• Category Archives day by day
  • This is the category closest to just being a plain diary. Places I go, things I do, people I see, what’s happening in my life.

  • Colorado Catch-up

    We’re sitting right now in the breakfast room of our hotel in Denver, the same one we stayed at last week when we first arrived. We had a few days last week to explore Denver, and we brought two bicycles each across the country with us, but it was cold and rainy during our free time so we basically explored the city (coffee shops, book stores, bicycle shops) by foot and public transit during the day, and met Emmi & Kyle for dinner and drinks each night. The last afternoon here in Denver, we went with Emmi to the Botanical Gardens, which were spectacular. The rain cleared up and the sky was a deep blue, and the gardens were just beautiful. (I have pictures, and will post a bunch when I get the chance.)

    Kyle and Emmi had the next few days off, and they’d booked us all a cabin — a huge, 3-bedroom, pine-wood “cabin” — at the YMCA Conference Center in Estes Park, which is like the gateway town to Rocky Mountain National Park. The Conference Center was like a throwback to a different era: several huge “lodges” or public buildings, baseball fields and tennis courts, hiking and jogging trails, arts and crafts and other activities, and scattered all around were pine-wood cabins (each on about a quarter acre), plus a few condo-like places near the lodges. Since it was elk rutting season, they would come down out of the mountains in the evening, cows forming small, harem-like herds, and the bulls fighting with their antlers and trumpeting their high-pitched call, right there on the baseball field and among the cabins. (You could hear them trumpeting all night.) These were very much wild animals, running about half a ton each, and the males at least were fairly aggressive – you had to give them a wide berth and they were pretty much everywhere. It was pretty dramatic, and we weren’t even in the park yet!

    The park itself was amazing. Denver is at 5280 feet elevation, and our cabin was at about 8500 feet, but our first day’s hike took us up to about 10,000 feet. You could definitely feel the effects of the elevation, but the trail (and the lakes we visited) were beyond beautiful, with amazing mountains all around. (Again, I have plenty of photos, and will post them when I get the chance, but they really cannot do it justice.) We were all satisfied (and exhausted) with our relatively short hike, and came back down to a great meal in town.
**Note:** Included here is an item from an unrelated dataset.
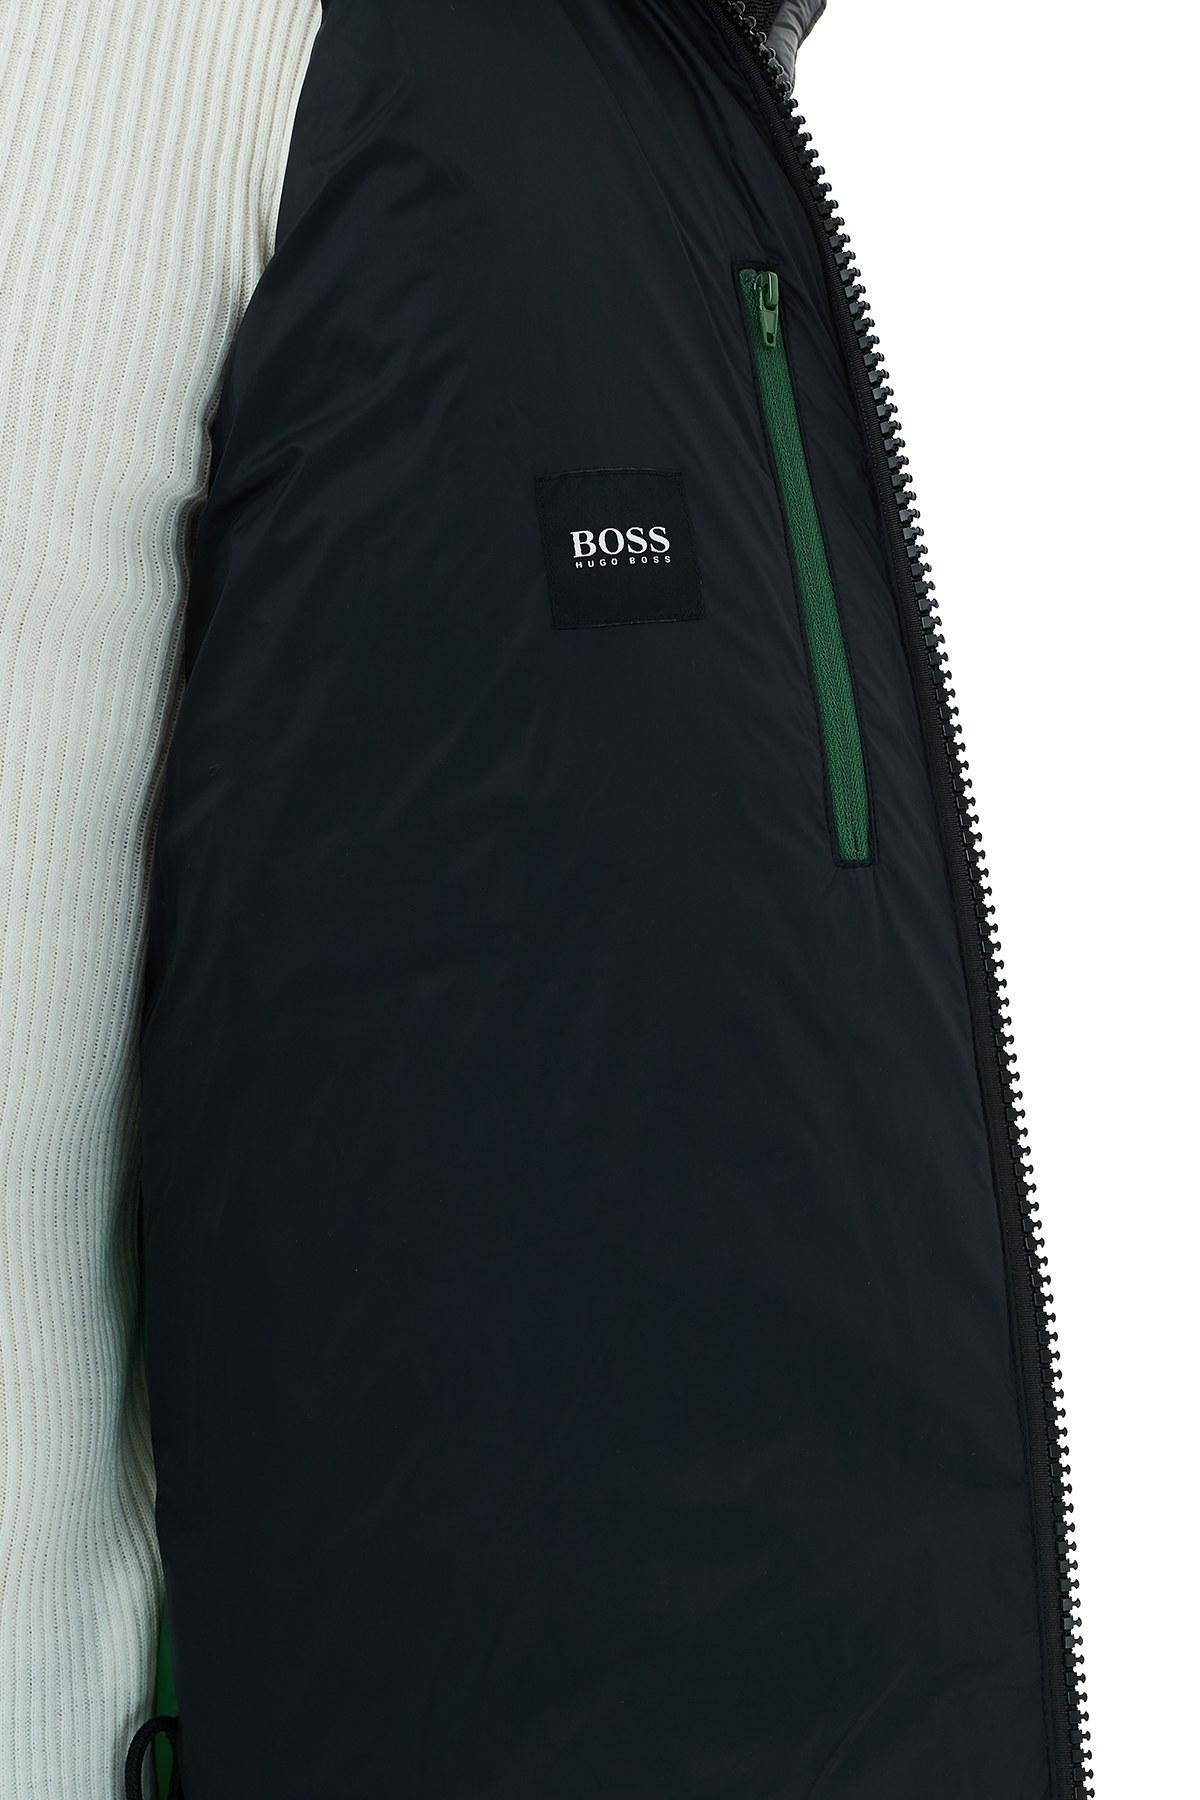 Hugo Boss Regular Fit Kapüşonlu Cepli Şişme Erkek Mont 50436643 001 SİYAH
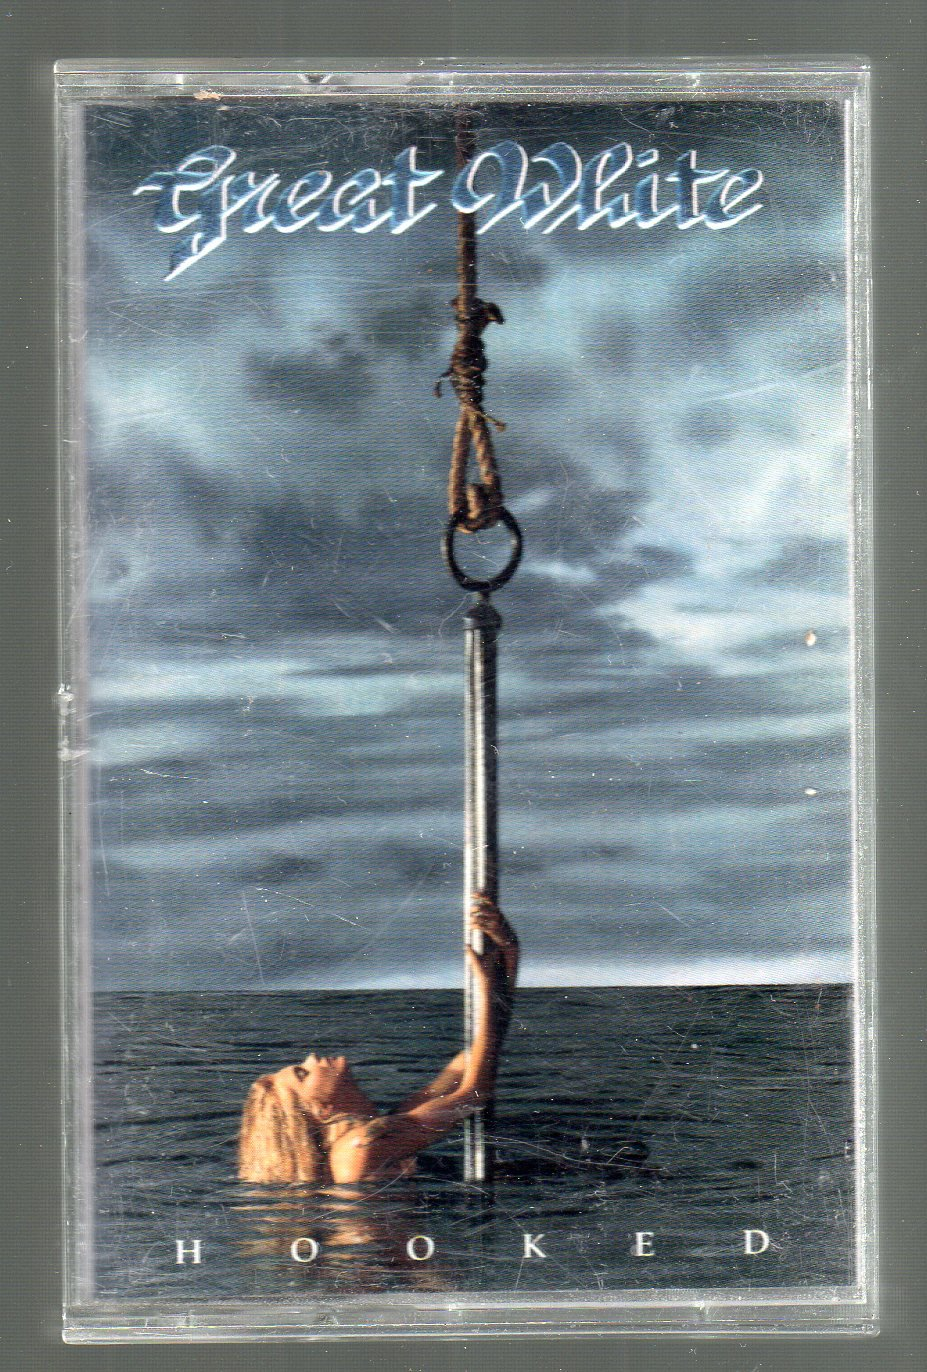 Great White - Hooked Cassette Tape

    We got up the next morning, had a huge breakfast, and drove up to the Alpine Visitor’s Center — a long, exposed drive up, and up and up, through several ecosystems (aspens starting to turn color, conifer forests), past the treeline and into tundra — to the Center at the top. There was a trail there, but it was short, and the surface was either steps or paved — the tundra was delicate, like cryptobiotic soil in Utah, and you couldn’t walk on it. It ended at the very top of the hill, with a sign saying “Elev 12,005 ft.” It was freezing, with heavy winds, and we returned to the Center for hot chocolate before the drive down. We had more energy than the day before, so we also visited another section of the park, a valley with more elk and a lot of photographers. We parked and went for a short walk into a fenced-off plant restoration area, where the elk couldn’t go — the difference in vegetation across the fence line was stark. This was our last night in the cabin, and we had BBQ take-out.

    We stopped in Boulder yesterday on the drive back, and visited the National Center for Atmospheric Research, an I.M Pei building on a hill outside of town. More hiking ensued on the trails behind the Center, and then we went inside and checked out the exhibits. Got back to Denver, checked back into our hotel, and went out for fabulous pizza.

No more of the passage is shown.